Desde el ministerio de Capital Humano declararon que la medida busca "resguardar el interés general y garantizar el cumplimiento de la normativa laboral vigente" y recordaron que antes de la huelga por 24 horas advirtieron a los mencionados sindicatos para que acaten las conciliaciones obligatorias dictadas durante conflictos laborales. Por ahora no se habló de quita de la personería gremial, pero algunos leen que este es un paso previo.
Cuál es la posición de los sindicatos
Fuentes gremiales coinciden que la decisión del gobierno forma parte de la presión para que no se repitan las medidas de fuerza, en tanto plantean que la reforma laboral le da herramientas al Ejecutivo para "desinflar" un paro de transporte, al considerarlo un servicio esencial. En los pasillos de la secretaría de Trabajo también hacen diferencias entre el titular de la UTA, Roberto Fernández y el líder de La Fraternidad, Omar Maturano.

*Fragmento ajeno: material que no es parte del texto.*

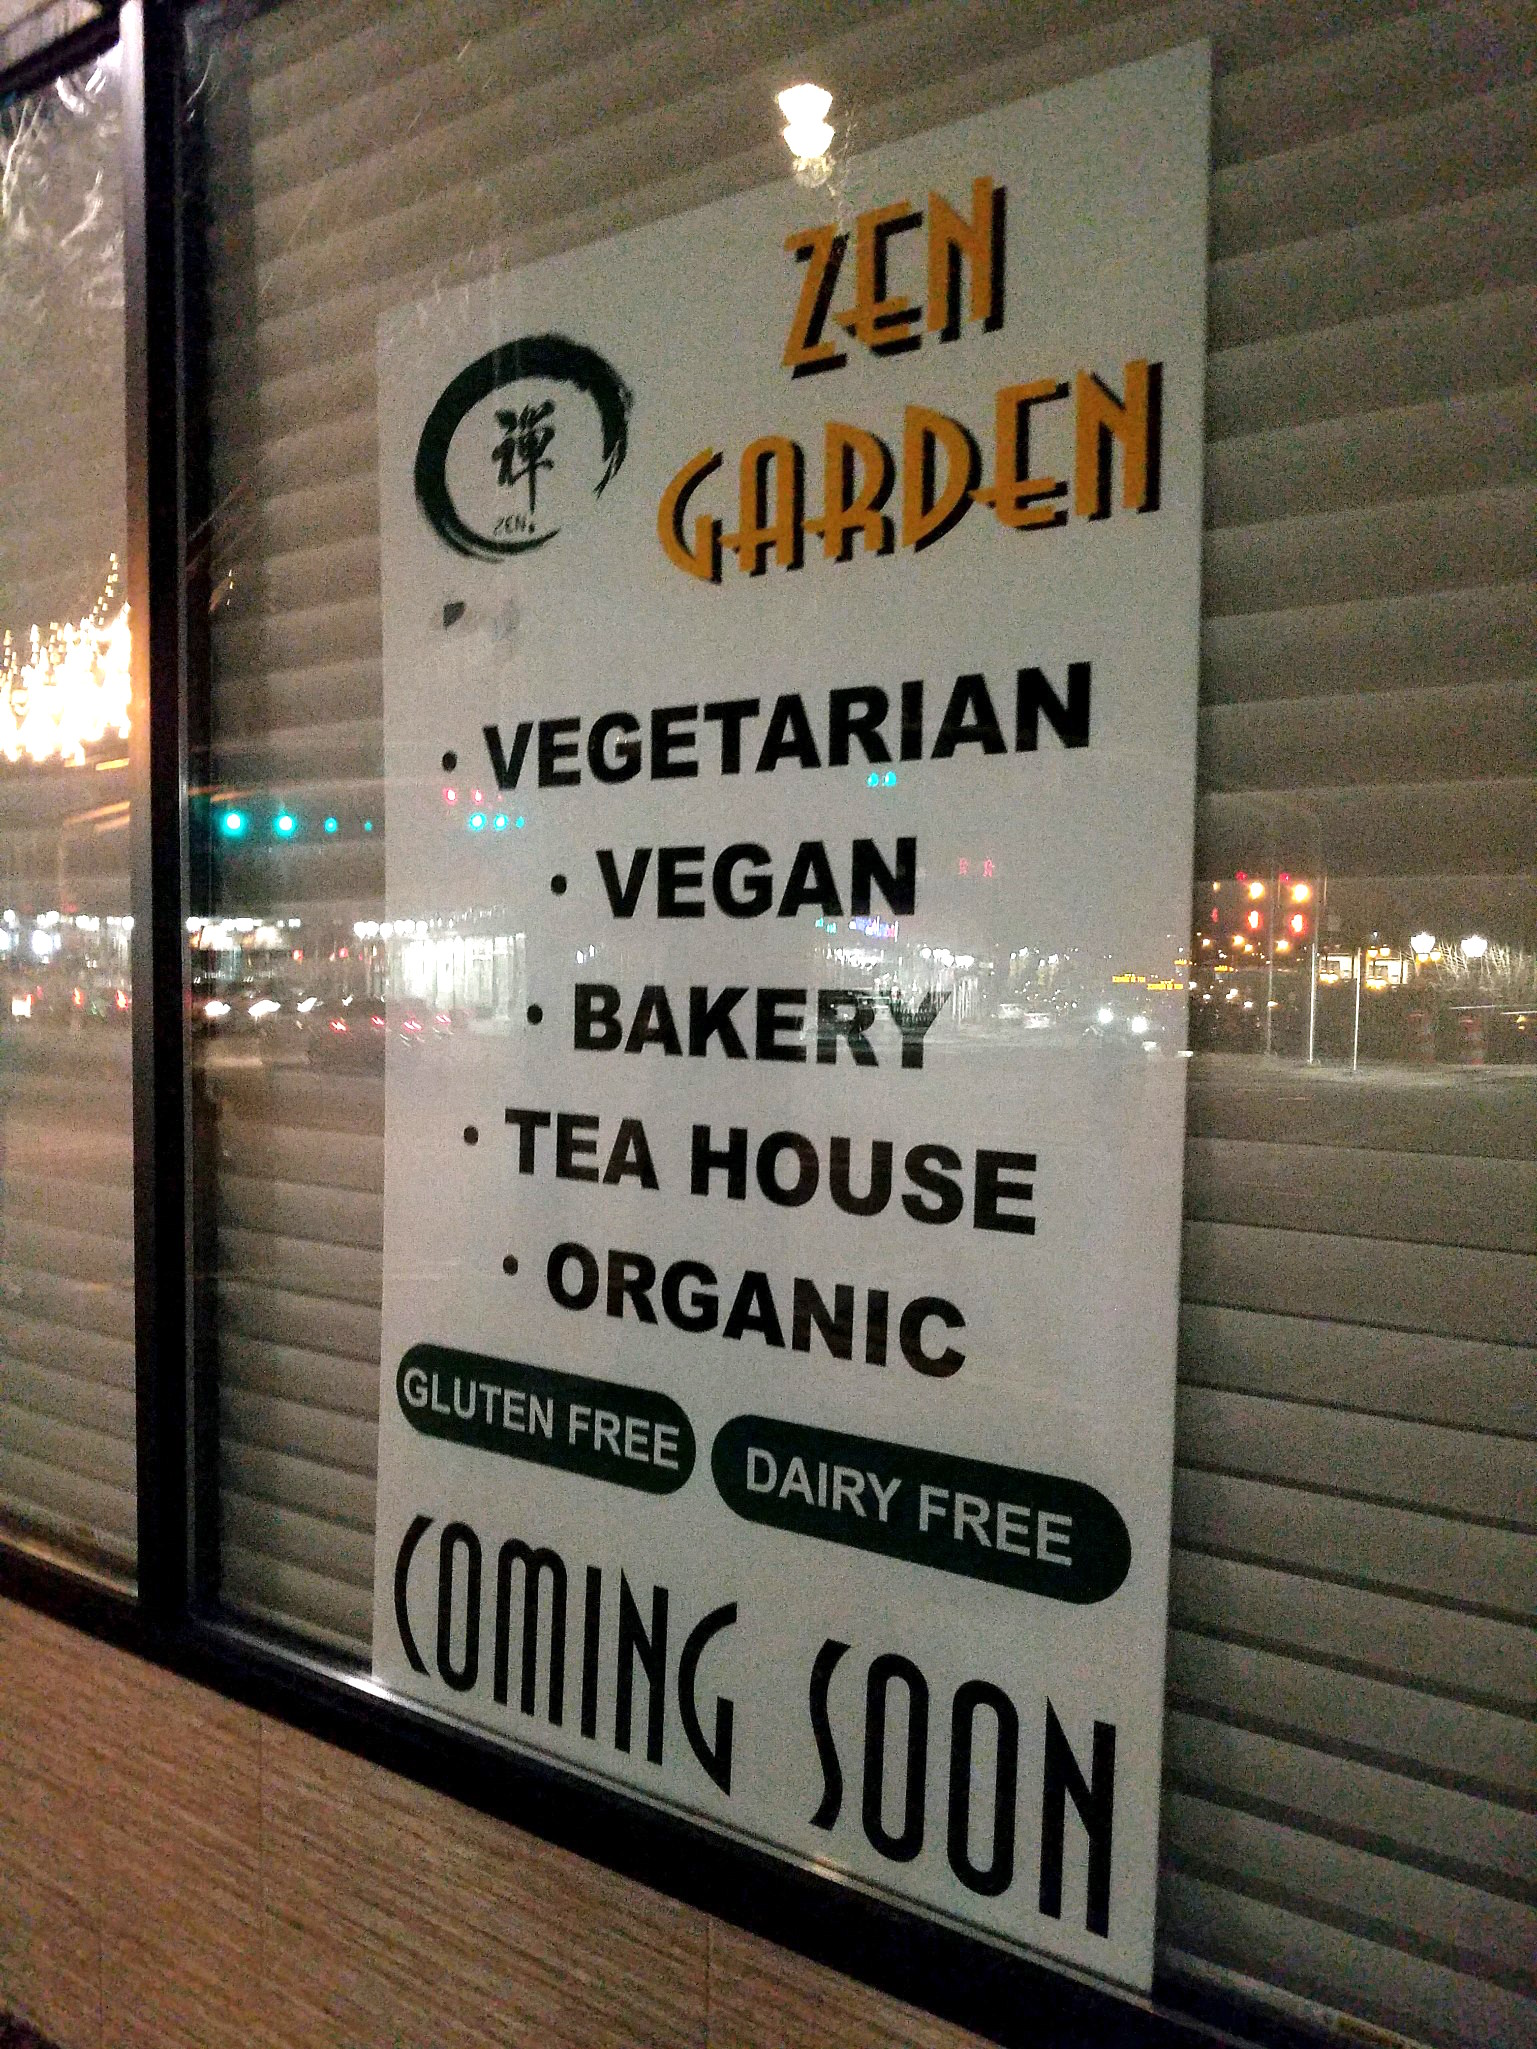 Zen Garden, a vegetarian and vegan eatery, will be succeeding Royal Tea House at 1 Great Neck Road. The owner said she hopes to open in early January. (Photo by Janelle Clausen)

Al jefe de los choferes de colectivos lo ven más "cercano". De hecho, no adhirió a anteriores paros convocados por la CGT bajo el pretexto de estar bajo la conciliación obligatoria por reclamos salariales. En este punto es donde se centrará la discusión entre el gobierno y los gremios, quienes sostienen que no acataron la conciliación porque se trataba de una huelga nacional que no tenía que ver con sus demandas puntuales.
A Maturano en cambio lo consideran un franco opositor que, inclusive se desprende de las paritarias de los ferroviarios, marcando diferencias con los otros tres gremios de la actividad. Mientras la UTA no respondió a las consultas de iProfesional sobre cómo enfrentará las sanciones, La Fraternidad adelantó que las rechazará de plano. "En cuanto nos llegue la comunicación oficial, nuestros representantes legales contestarán y seguiremos la pelea en la justicia", manifestaron.

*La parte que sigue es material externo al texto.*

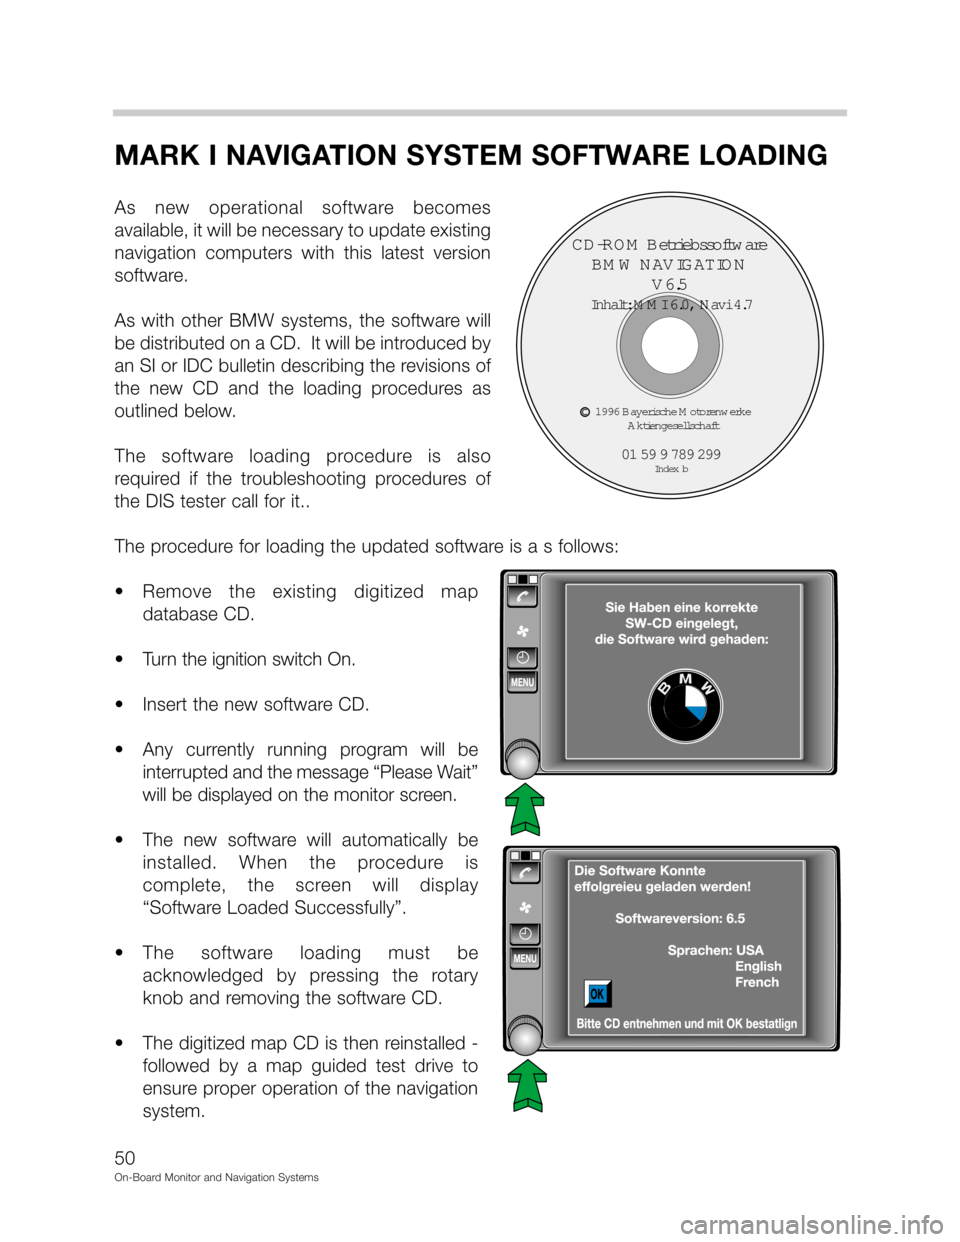 BMW 5 SERIES 1997 E39 On Board Monitor System Workshop Manual 	>
4
8

	5@3
8
 
% 

 % 	
&6%




&
 	
 %   &
%


Con la mirada puesta en el avance de los gremios combativos
El accionar de la administración libertaria también apunta a la aparición del Frente de Sindicatos Unidos (FreSU), sector combativo que viene ganando las calles con protestas que trascendieron la Capital, como en los casos de Córdoba y Santa Fe.
El FreSu está integrado por la Unión Obrera Metalúrgica (UOM), la Asociación Trabajadores del Estado (ATE), las dos CTA (de los Trabajadores y Autónoma), Aceiteros, Personal Aeronáutico, Viales, Marítimos, Portuarios, Jerárquicos de Energía y cerca de 100 organizaciones de distintas centrales obreras.
Uno de sus máximos referentes, el titular de la UOM, Abel Furlán, advirtió: "Vamos a seguir en la calle y vamos a federalizar el Frente en los próximos días". En su intención de sumar voluntades, dirigentes del espacio ya mantuvieron reuniones tanto con Maturano como con Pablo Moyano. Otro de los dirigentes de la agrupación, el jefe de ATE, Rodolfo Aguiar, sostuvo: "No les vamos a regalar los derechos que llevaron años conquistar. En todo caso serán los responsables de que aumente la tensión social y crezca la conflictividad".